Abstract

Acute Limb Ischemia (ALI) of the lower limb is defined as a sudden drop in arterial limb perfusion, which is a medical emergency requiring prompt intervention with high amputation and mortality rates in the absence of revascularization. This observational, analytical, and retrospective cohort study with longitudinal follow-up aimed to confirm the relevance of the preoperative inflammatory biomarkers neutrophil-to-lymphocyte ratio (NLR) and platelet-to-lymphocyte ratio (PLR) in predicting the 30-day poor prognosis of patients with Rutherford classification (RC) grades II and III ALI. The ROC analysis found a strong association of an NLR > 4.33 with all studied outcomes, while a PLR > 143.34 was associated with all studied outcomes, except the composite endpoint in all RC stages. Depending on the optimal cut-off value, the ROC analysis found a higher incidence of all adverse outcomes in all high NLR (>4.33) and high PLR (>143.34) groups.
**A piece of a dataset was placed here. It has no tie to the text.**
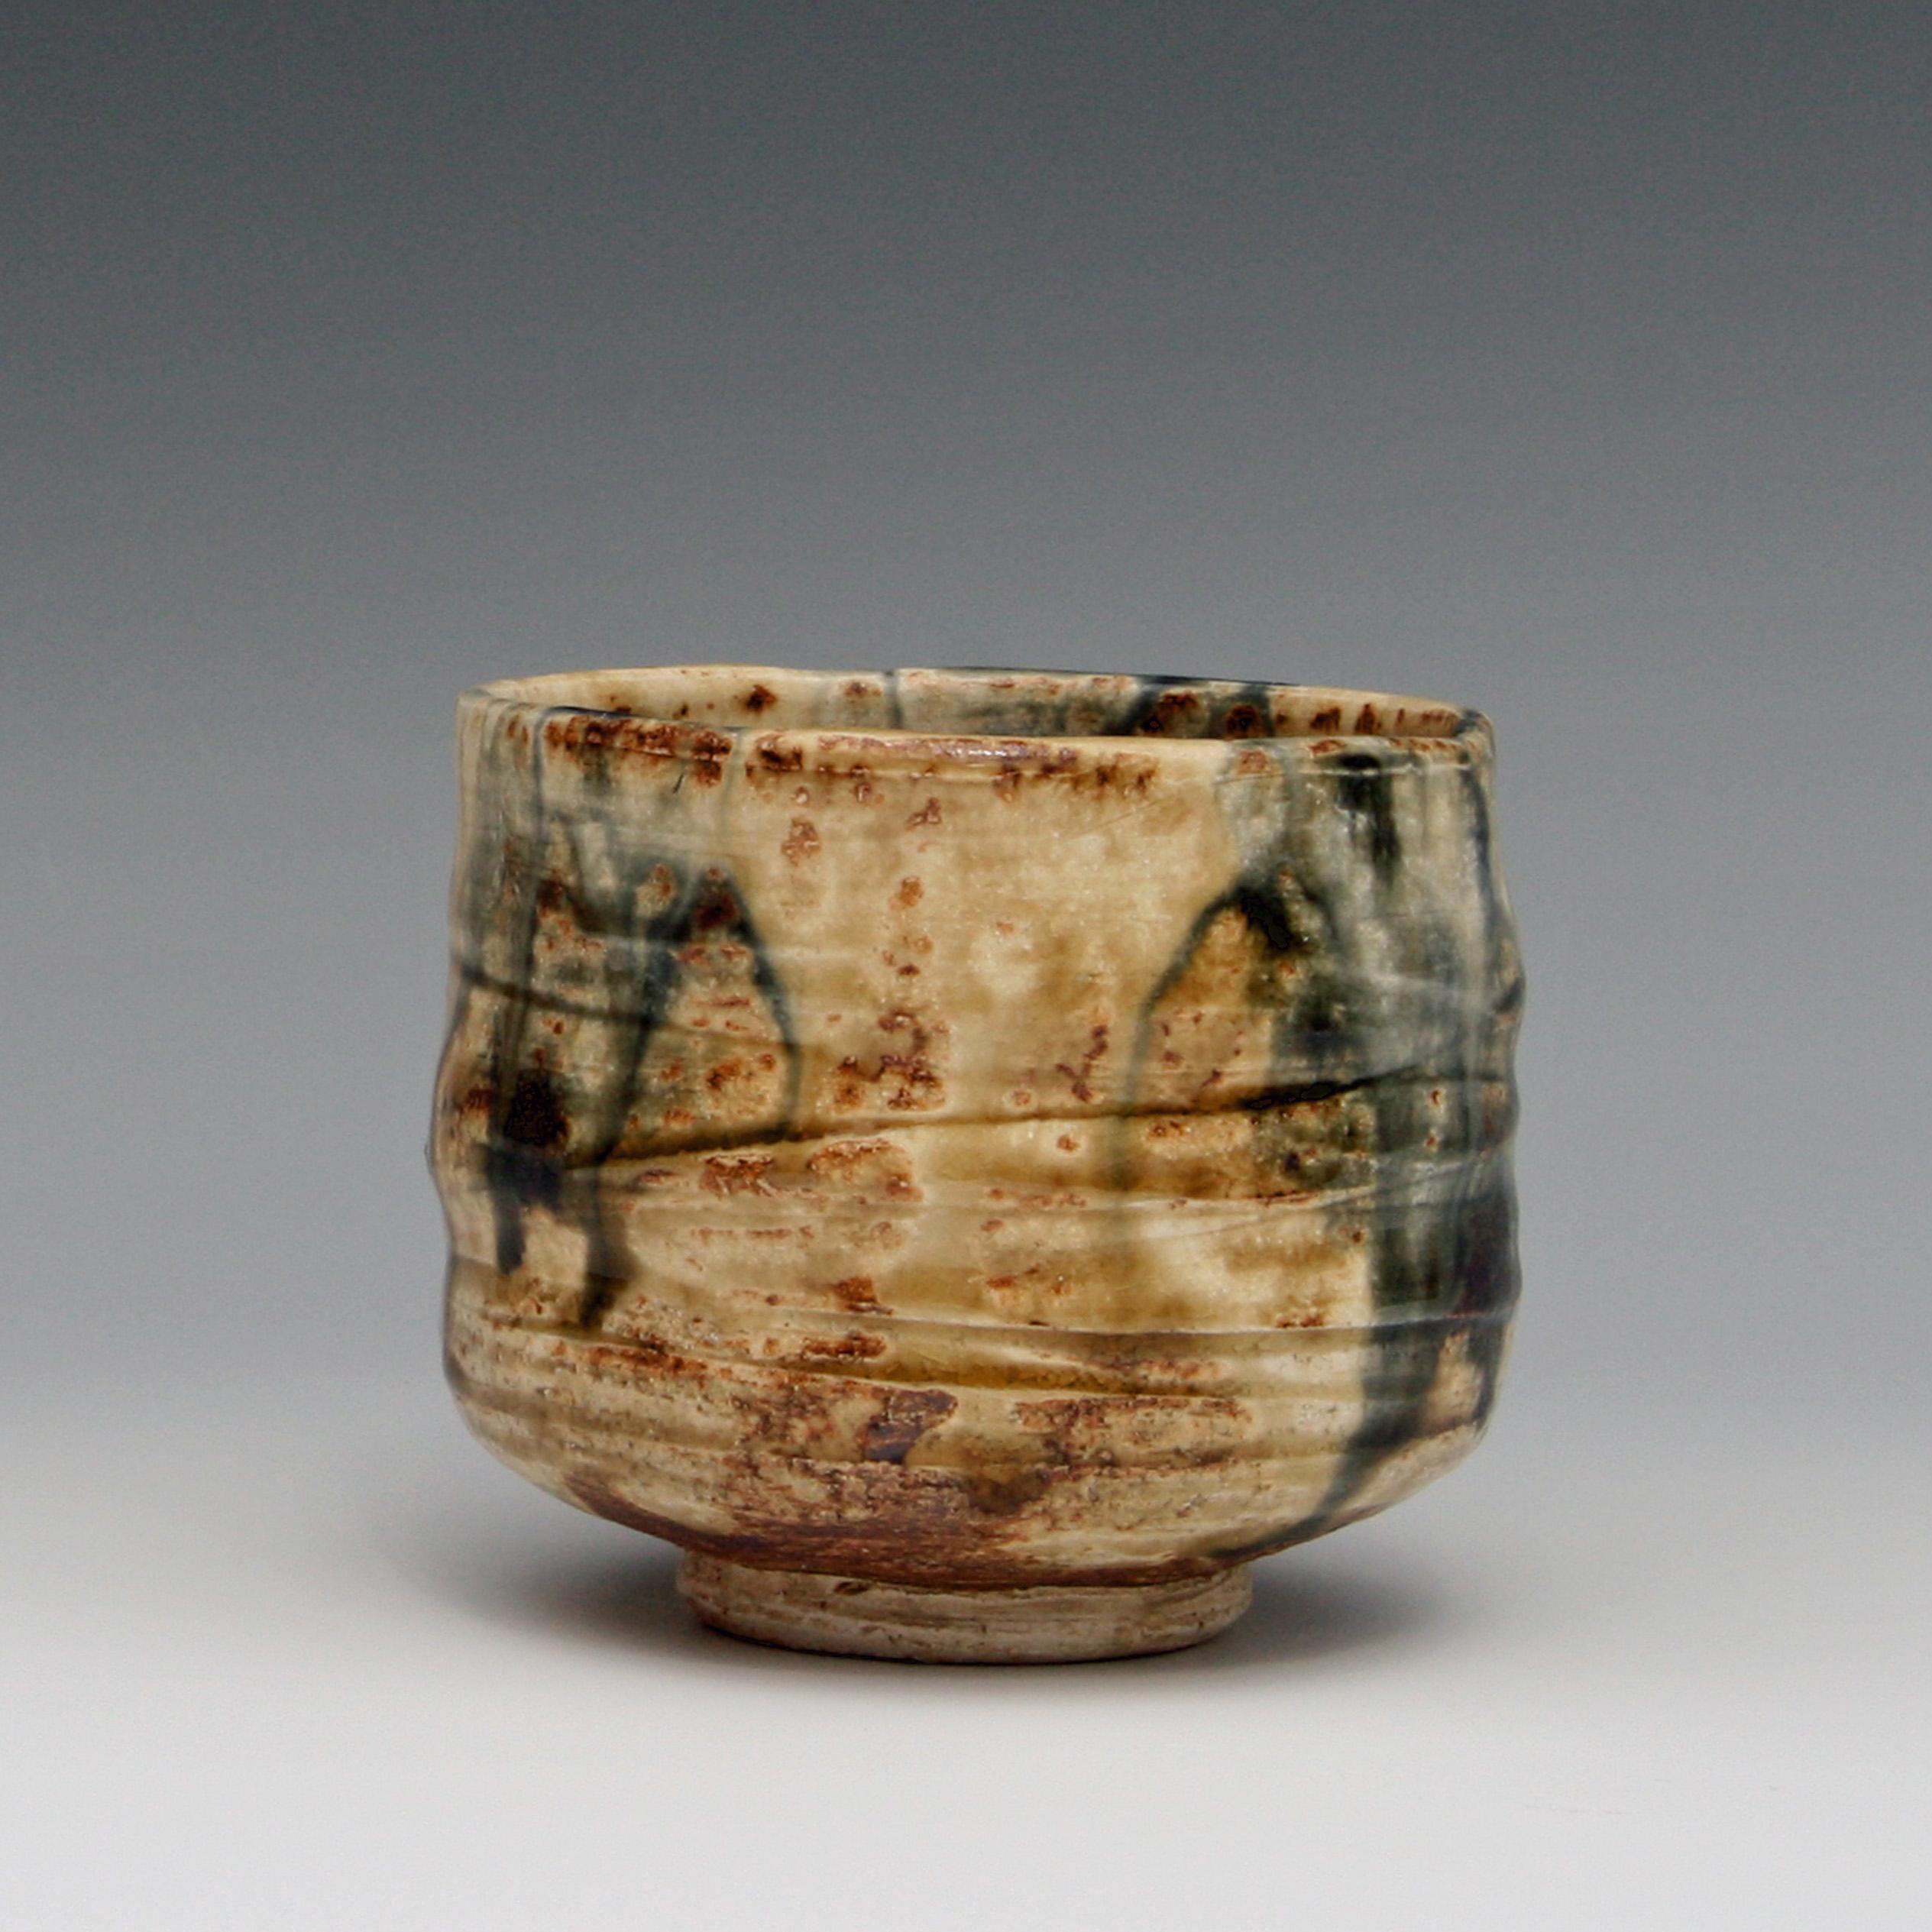 Japanese style teabowls

A multivariate analysis showed that a high baseline value for NLR and PLR was an independent predictor of amputation (OR:11.09; 95% CI: 5.48–22.42; p < 0.0001; and OR:8.97; 95% CI: 4.44–18.16; p < 0.0001), mortality (OR:22.24; 95% CI: 9.61–51.47; p < 0.0001; and OR:8.32; 95% CI: 3.90–17.73; p < 0.0001), and composite endpoint (OR:21.93; 95% CI: 7.91–60.79; p < 0.0001; and OR:9.98; 95% CI: 3.89–25.55; p < 0.0001), respectively. Furthermore, for all hospitalized patients, the RC grade III (OR:7.33; 95% CI: 3.73–14.26; p < 0.0001) was an independent predictor of amputation (OR:7.33; 95% CI: 3.73–14.26; p < 0.0001), mortality (OR:8.40; 95% CI: 4.08–17.31; p < 0.0001), and composite endpoint (OR: 10.70; 95% CI: 4.48–25.56; p < 0.0001), respectively. The NLR and PLR are excellent predictors of risks associated with ALI for primary and secondary prevention. Our study showed that increased pre-operative values for NLR and PLR are indicators of a poor outcome in patients with RC grades II and III ALI.